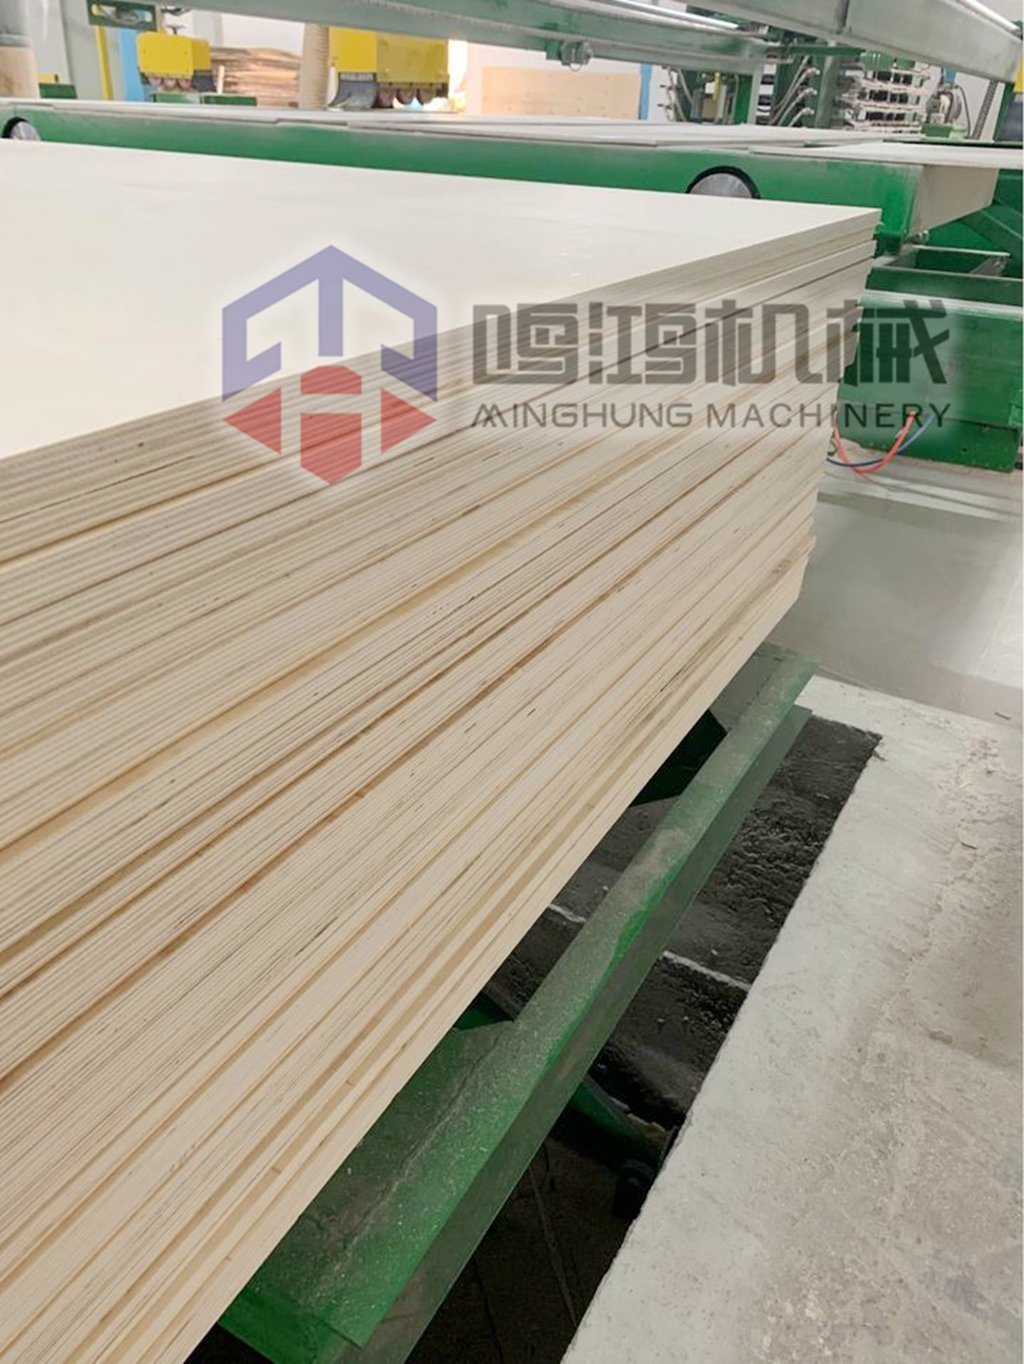 Plywood Edge Trimming Saw Dari Pabrik China
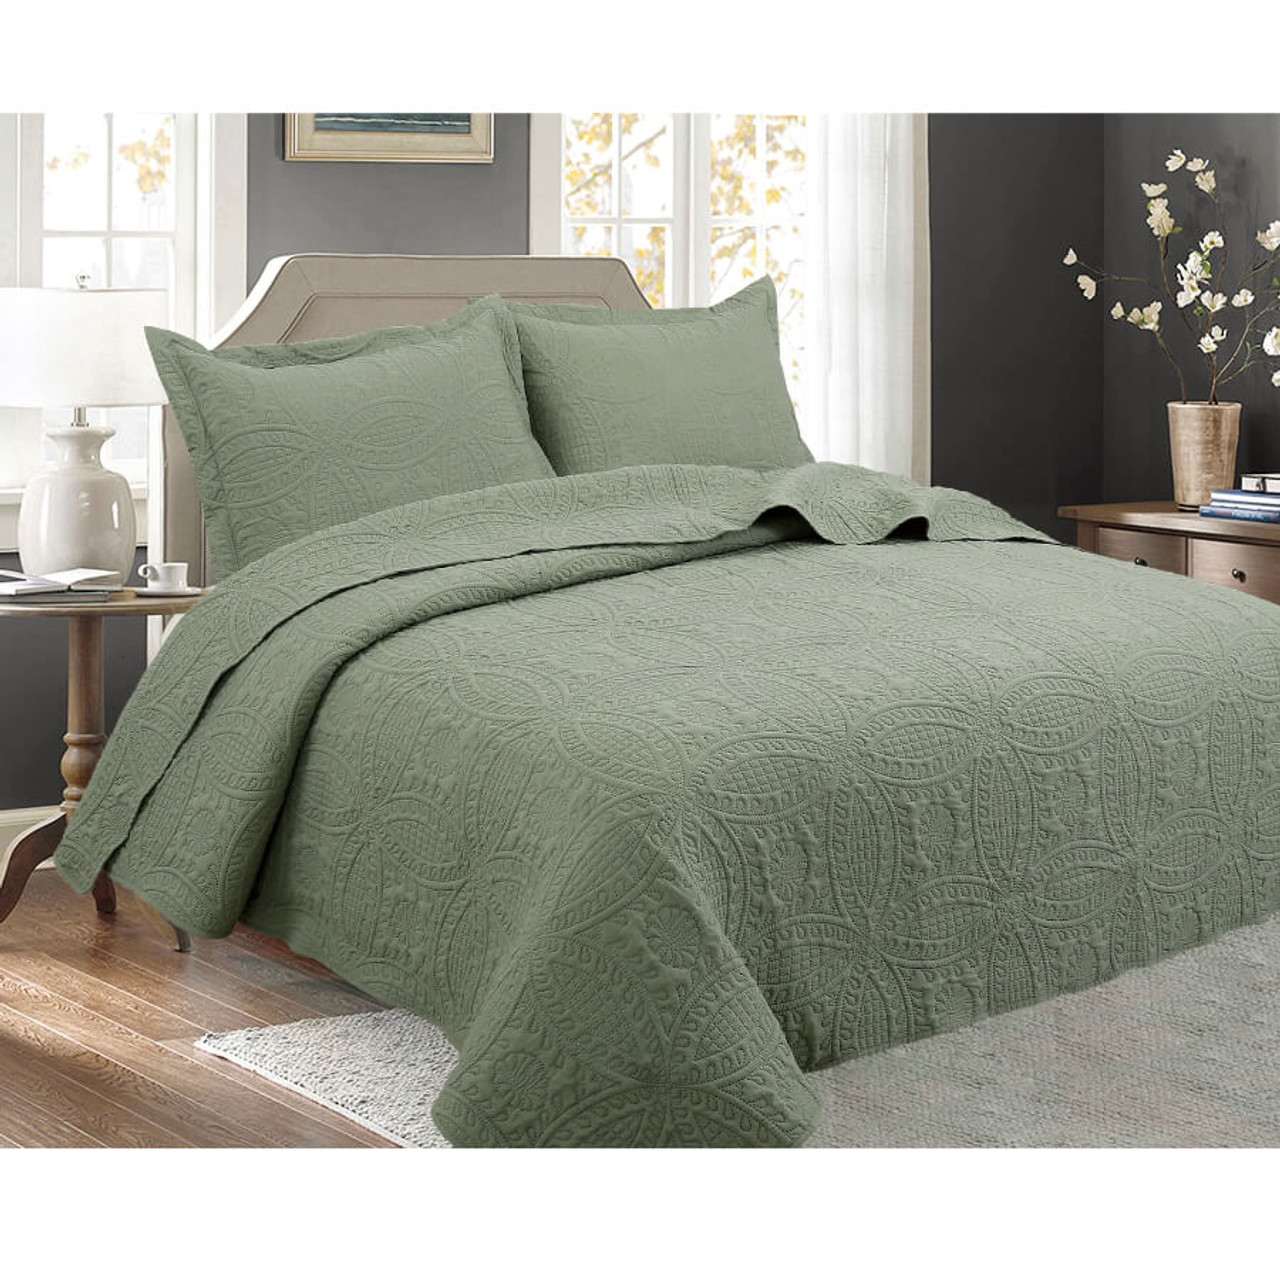 3 pcs Oversized Bedspread Coverlet Set Sage Color
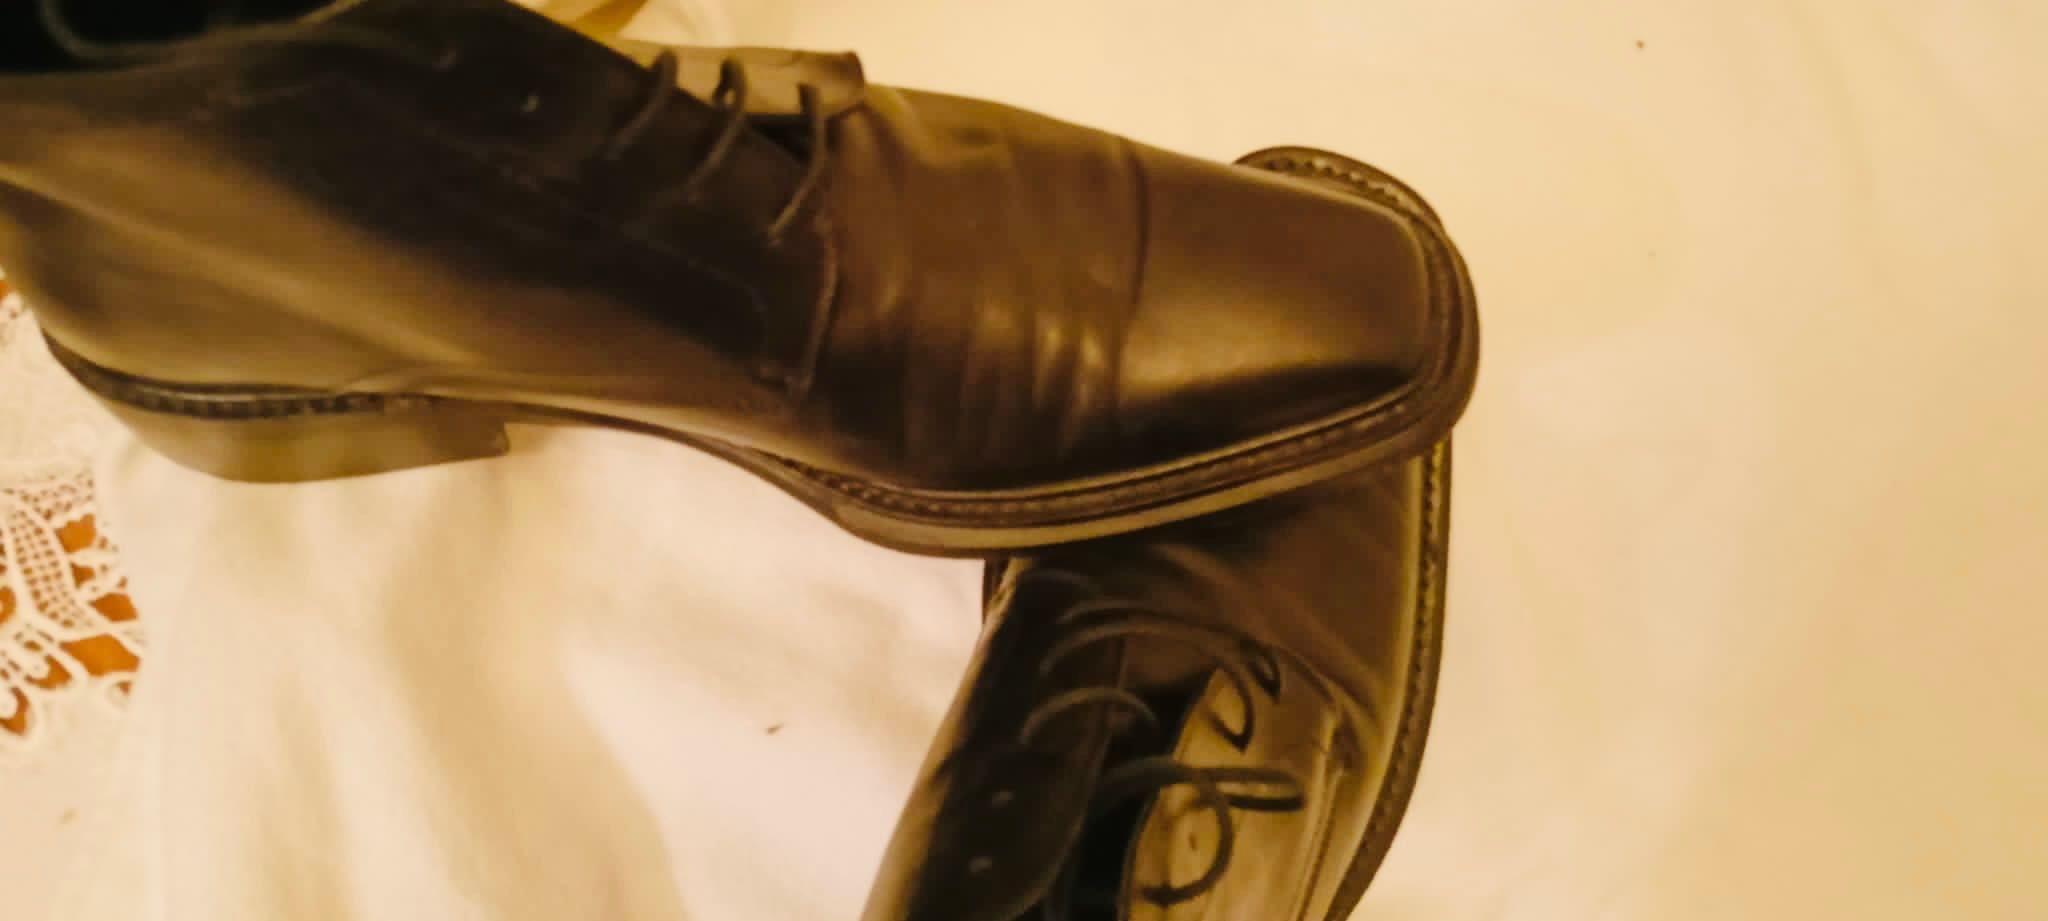 Męskie buty Vittorio Virgili, 43 rozmiar, skóra naturalna
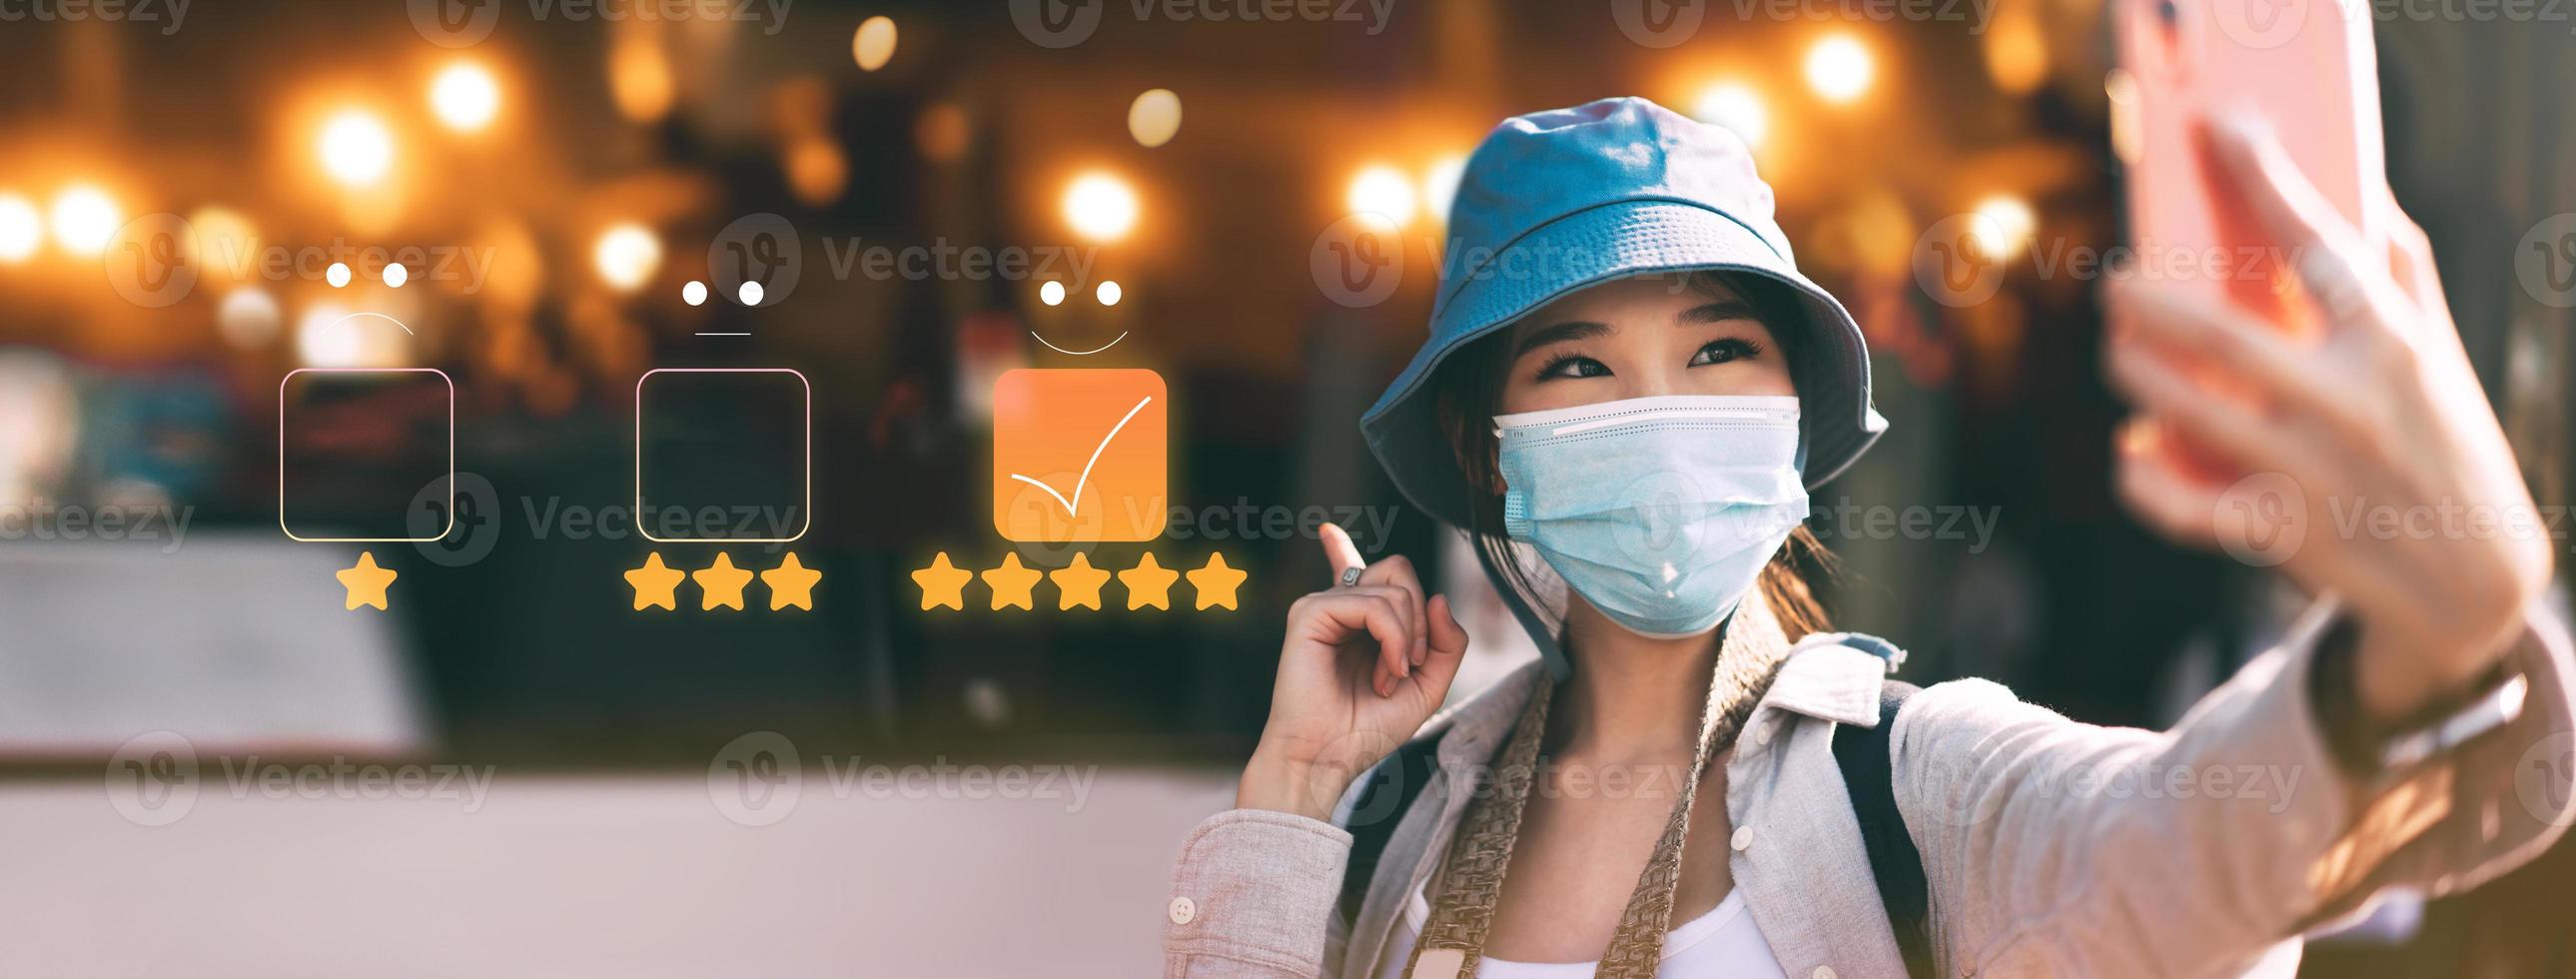 mujer asiática adulta joven que viaja usa mascarilla en la calificación de revisión del cliente servicio de cinco estrellas foto

----------------------------------------

### TASK REQUIREMENTS:
The output has to match the data above line for line, except that pictures are dropped.

### RESULT:
 Plywood Edge Trimming Saw Dari Pabrik China
 3 pcs Oversized Bedspread Coverlet Set Sage Color
 Męskie buty Vittorio Virgili, 43 rozmiar, skóra naturalna
 mujer asiática adulta joven que viaja usa mascarilla en la calificación de revisión del cliente servicio de cinco estrellas foto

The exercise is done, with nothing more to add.